Едва за компанией закрылась дверь, Миттермайер тяжело вздохнул. Первые пару недель дежурные по этажу бывают очень бдительны. Пусть пошлют боги удачу этим непутёвым. А ему самому - дадут возможность выспаться. Ведь обычно стоит проснуться посреди ночи - как сон возвращается только за полчаса до побудки.

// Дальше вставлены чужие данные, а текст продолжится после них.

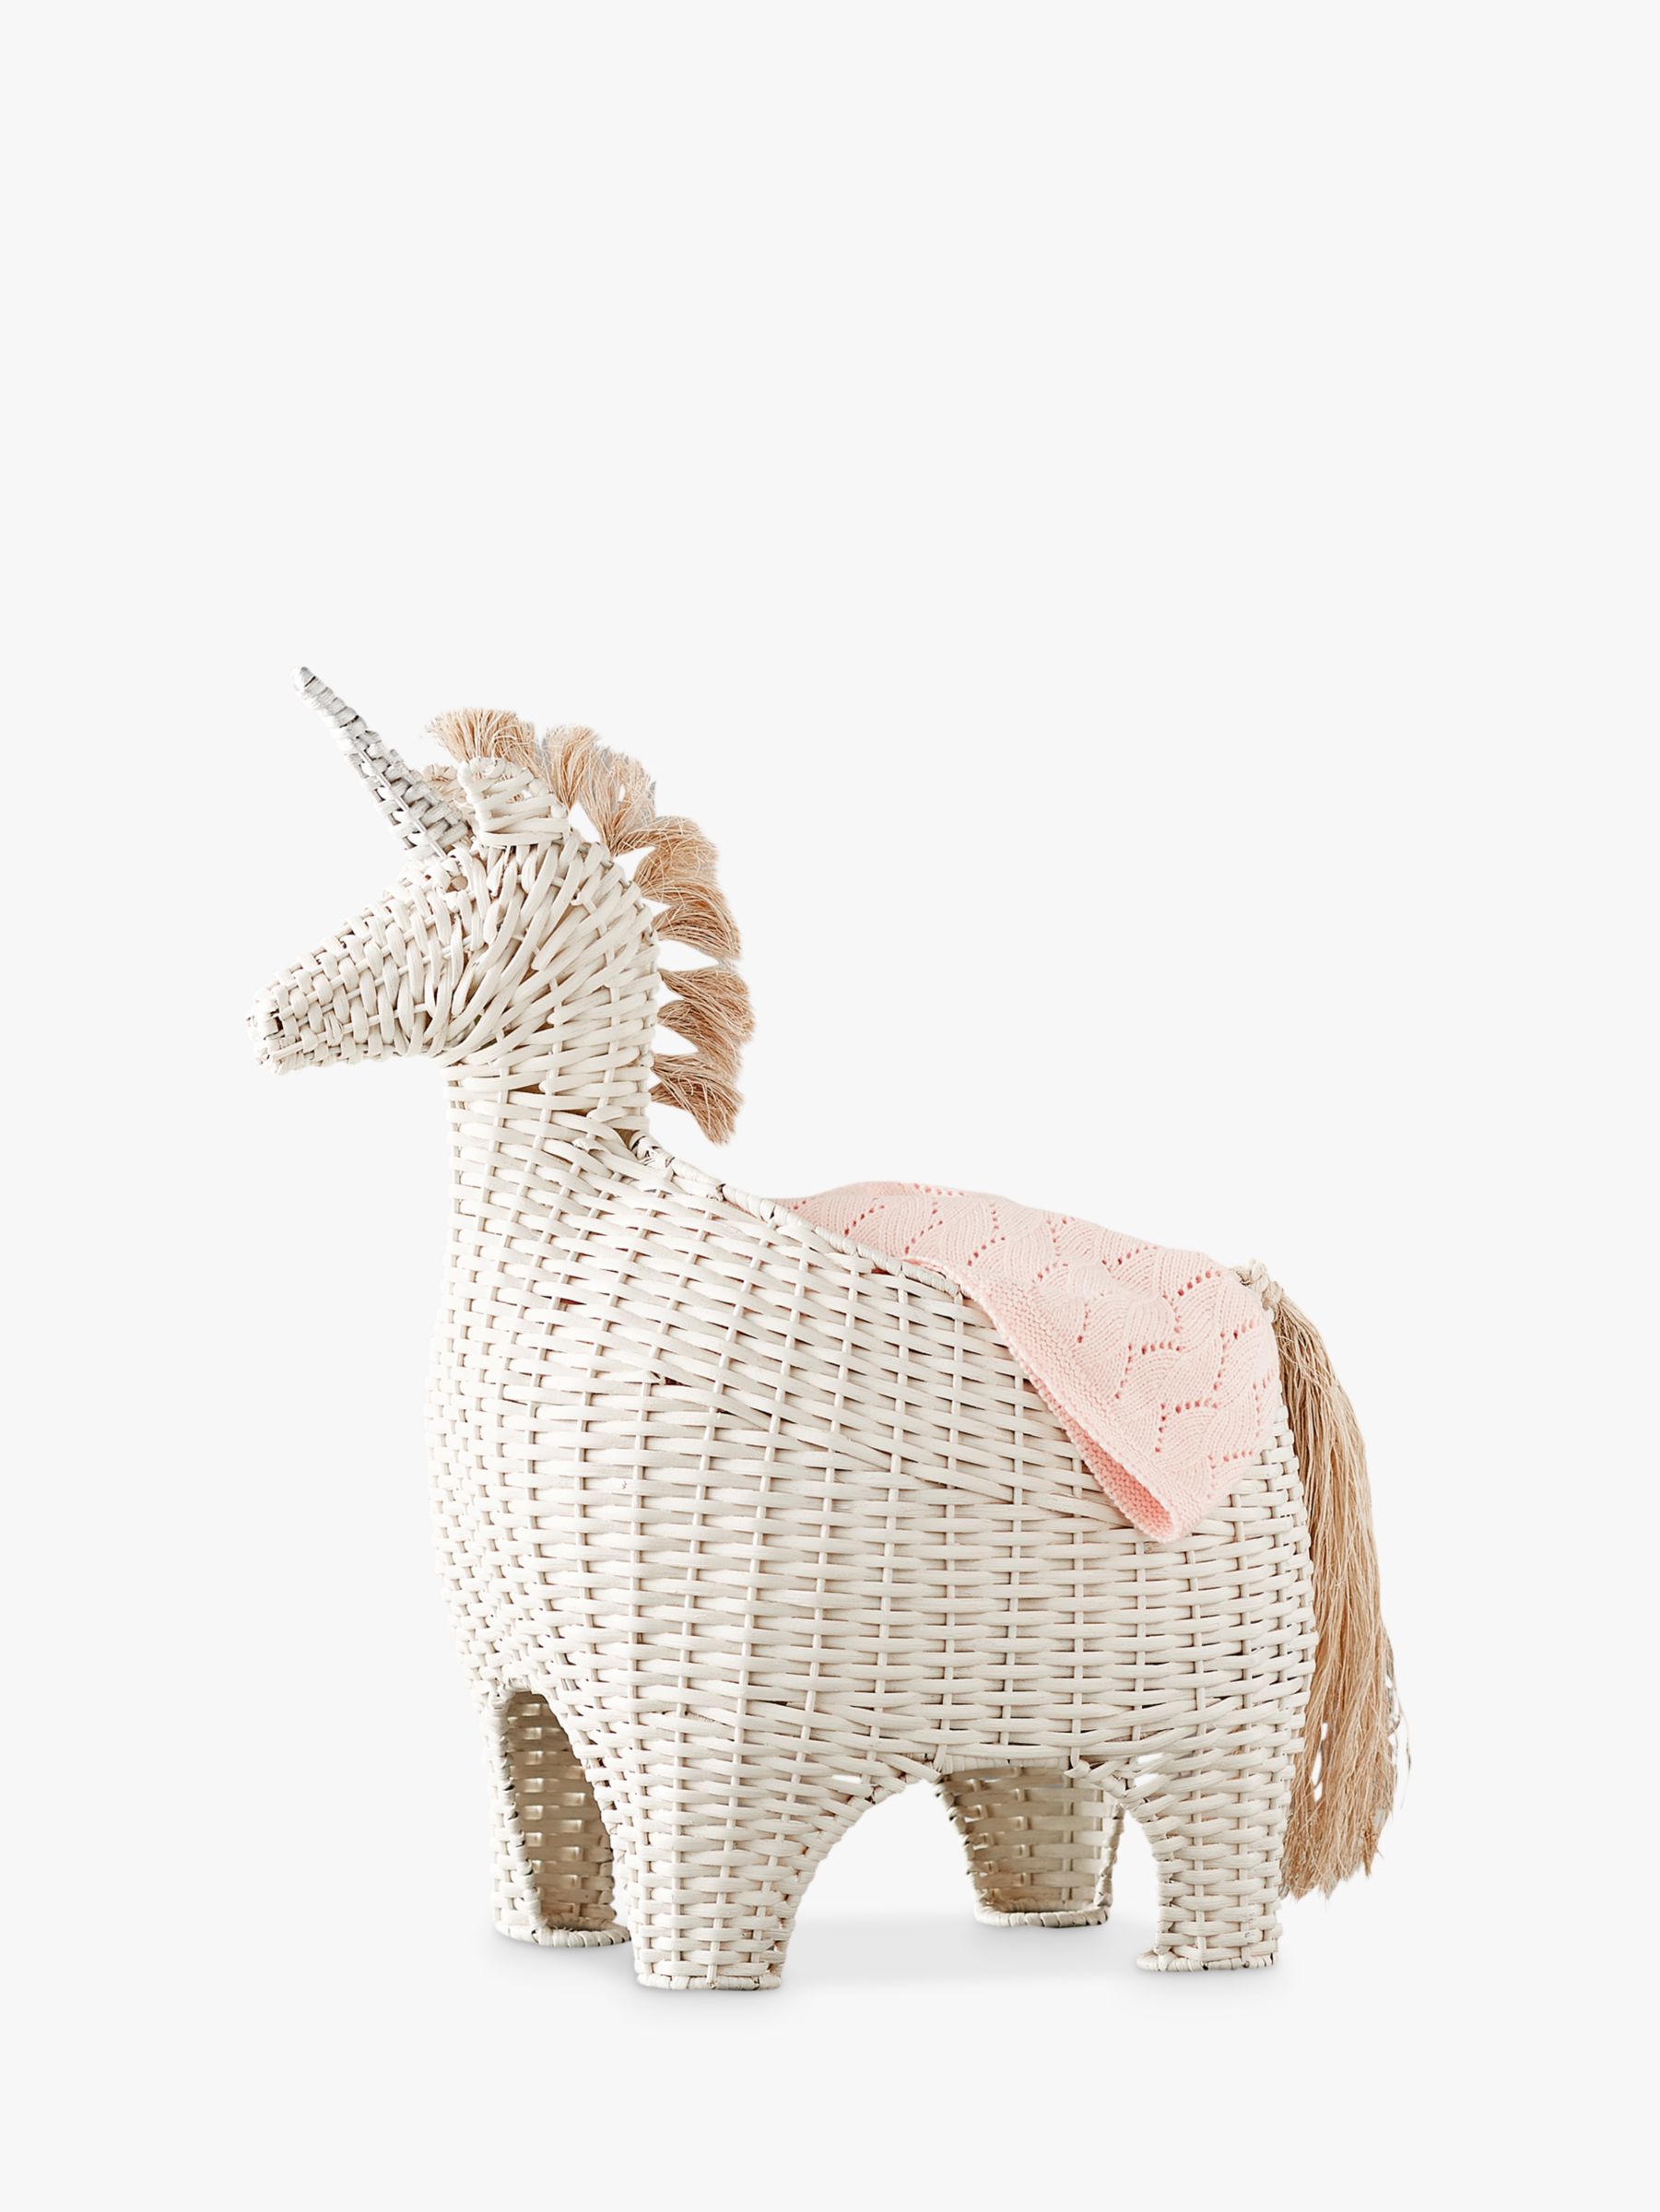 unicorn storage basket
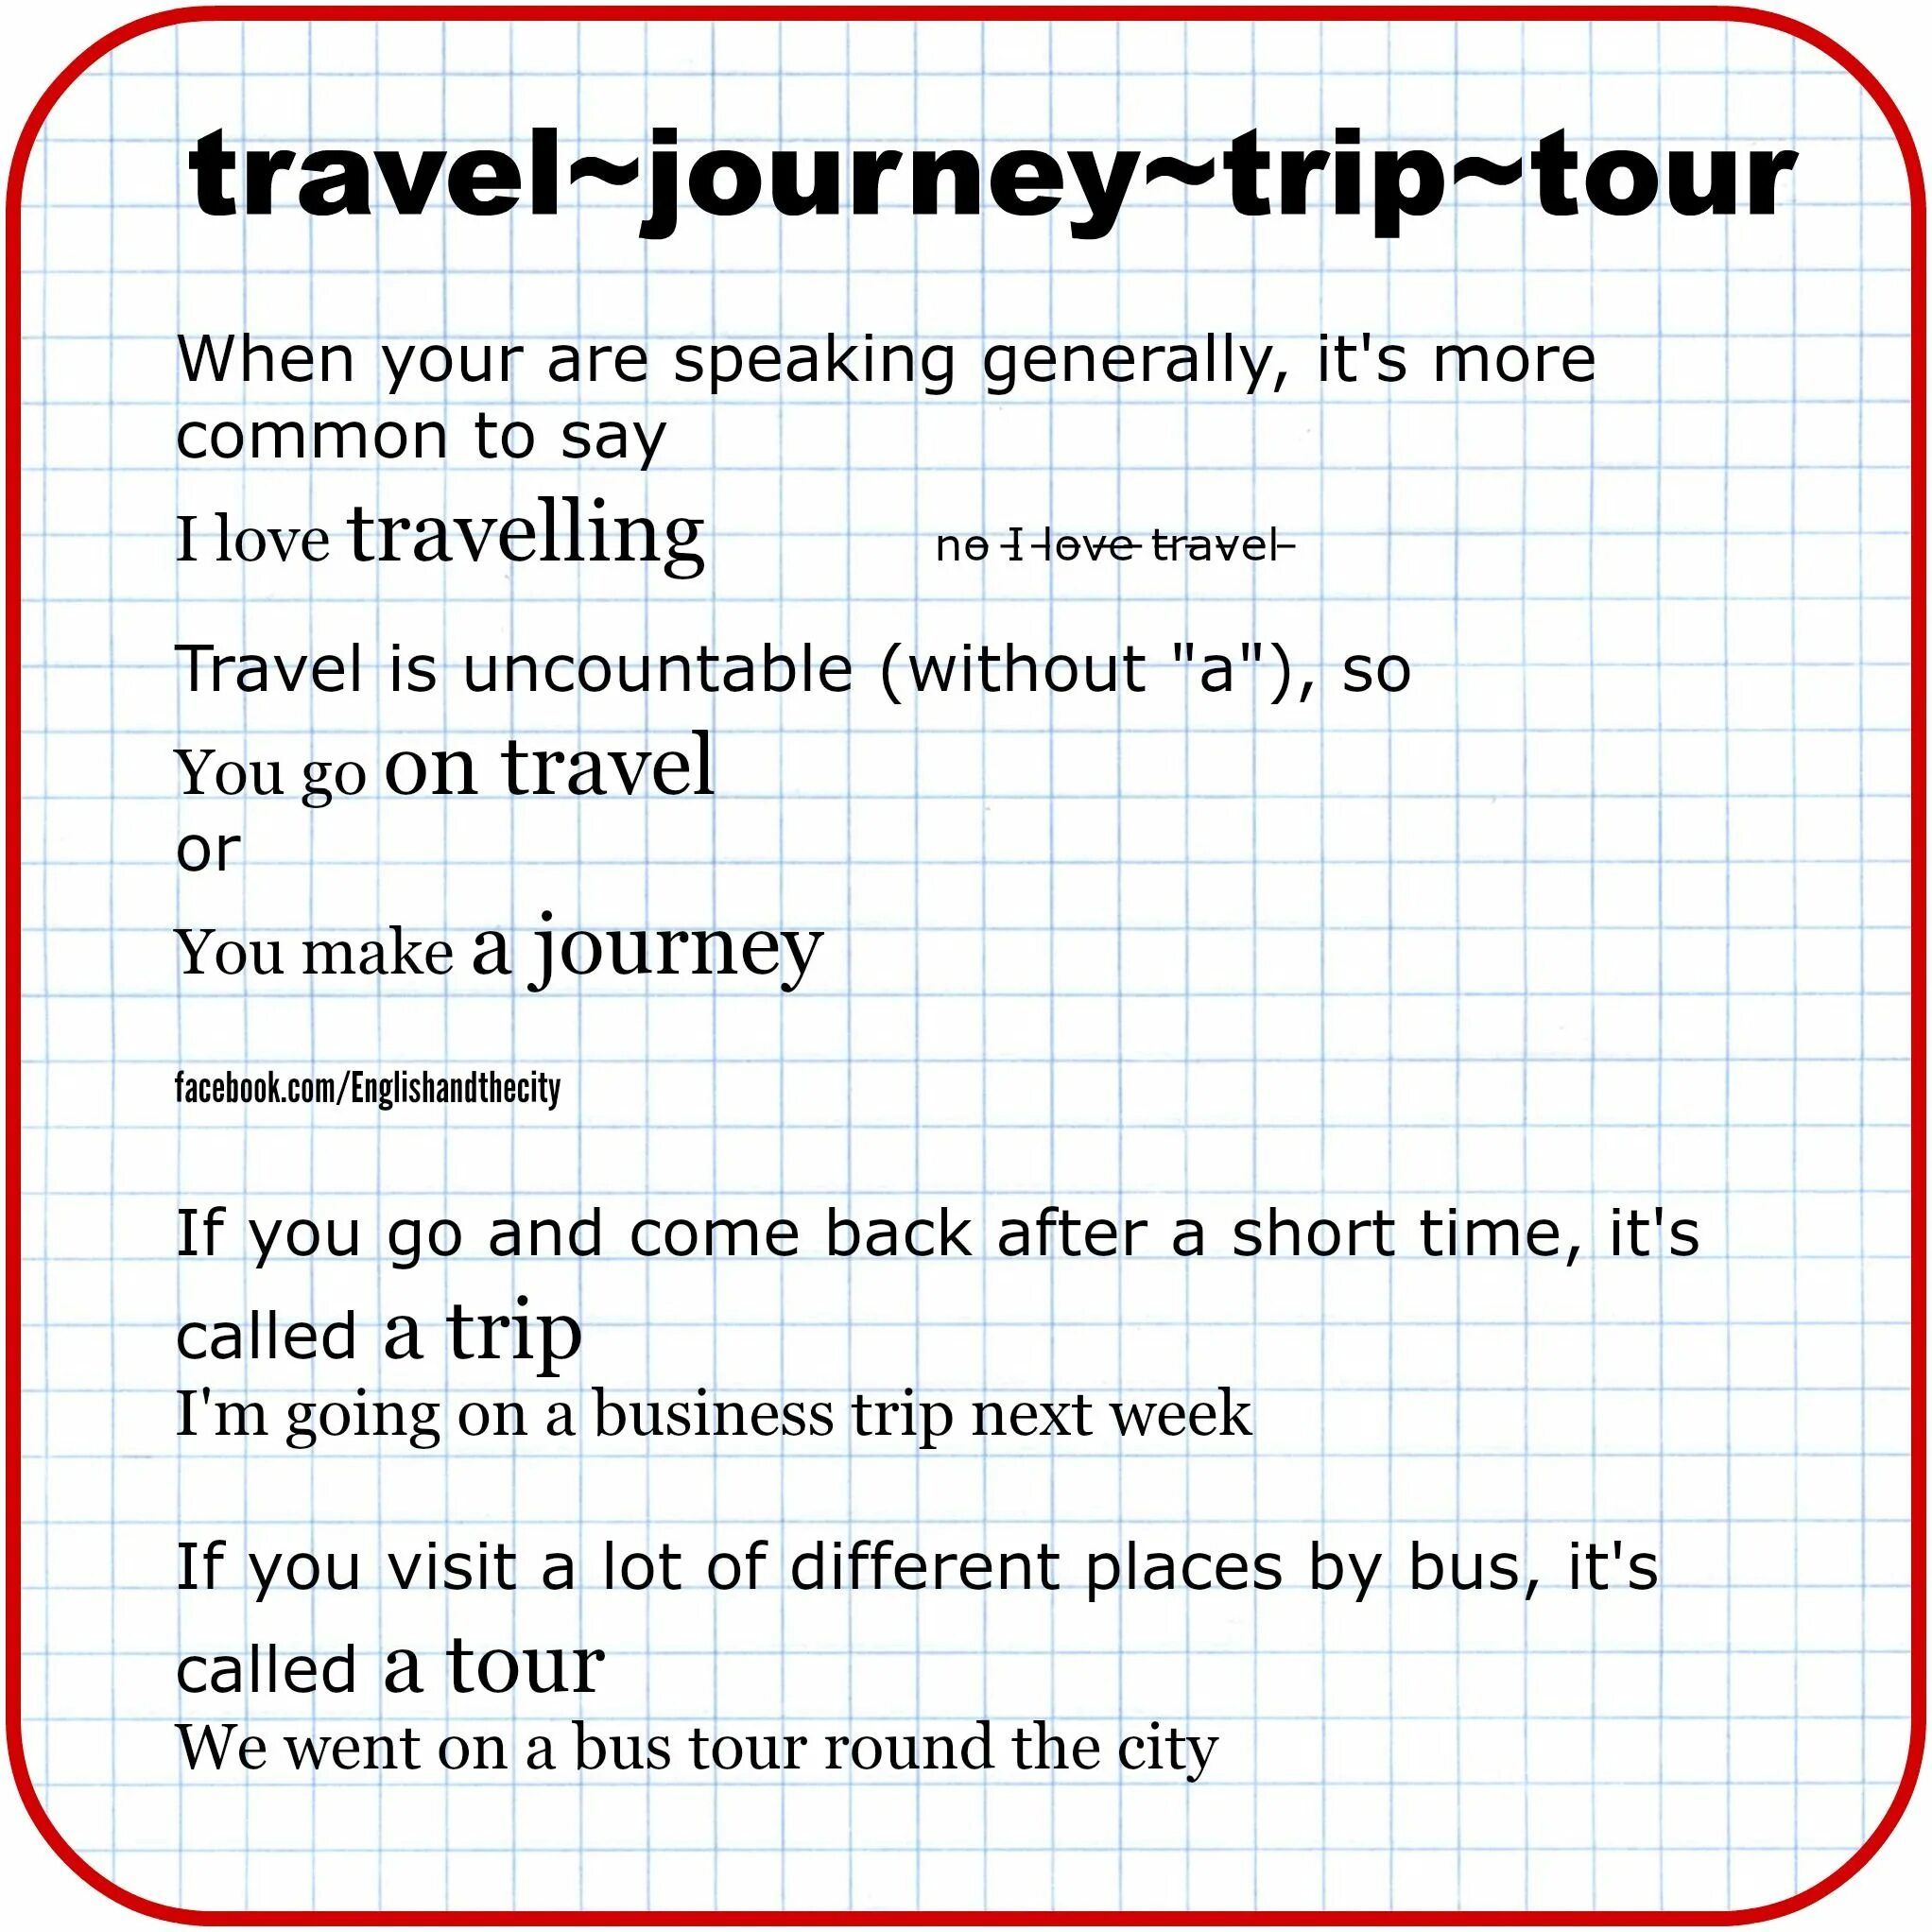 Journey trip Travel Tour разница. Travel Journey Voyage trip Tour. Journey Travel разница. Travel Journey Voyage trip Tour разница. Tour journey разница

Свинцово-серые тучи стянулись к зданию Военной академии, готовые в любую секунду пролиться мерзким моросящим дождём. Порыв холодного ветра заставил Миттермайера вопреки уставу поддёрнуть повыше воротничок белой рубашки так, что она высунулась над воротом мундира. Опавшие листья, только что сметённые в кучу, радостно закружились по дорожке. Вольф выругался шёпотом, и снова взялся за метлу. Ну почему всегда так - одни развлекаются, а другой получает наряд вне очереди только за то, что помог им пробраться назад в корпус? Миттермайер почти с ненавистью поглядел на окна кухни, где Ройенталь и Мюллер возились с чисткой овощей. Тоже муторное занятие, но хоть в тепле. А тут возись с уборкой двора. Громкое "Что б тебя, б... шипастая!" подсказало, что не один Вольфганг недоволен формой выбранного для него наказания. Возле сильно поредевшего розового куста возился с лопатой и саженцами Биттенфельд. Он только что вскопал очищенную от поломанных его падением растений грядку, и теперь пытался воткнуть в землю саженец. Миттермайер тяжело вздохнул. Да не просто так некоторые гражданские посмеиваются над военными чинами. Нет, с одной стороны всё справедливо - раз загубил грядку, засади её по новой, но неужели трудно как следует объяснить новичку в садовом деле, как именно нужно сажать розы? О, он кажется не может разобраться, где корешки, а где стебель. Миттермайер отложил метлу, подошёл к Биттенфельду.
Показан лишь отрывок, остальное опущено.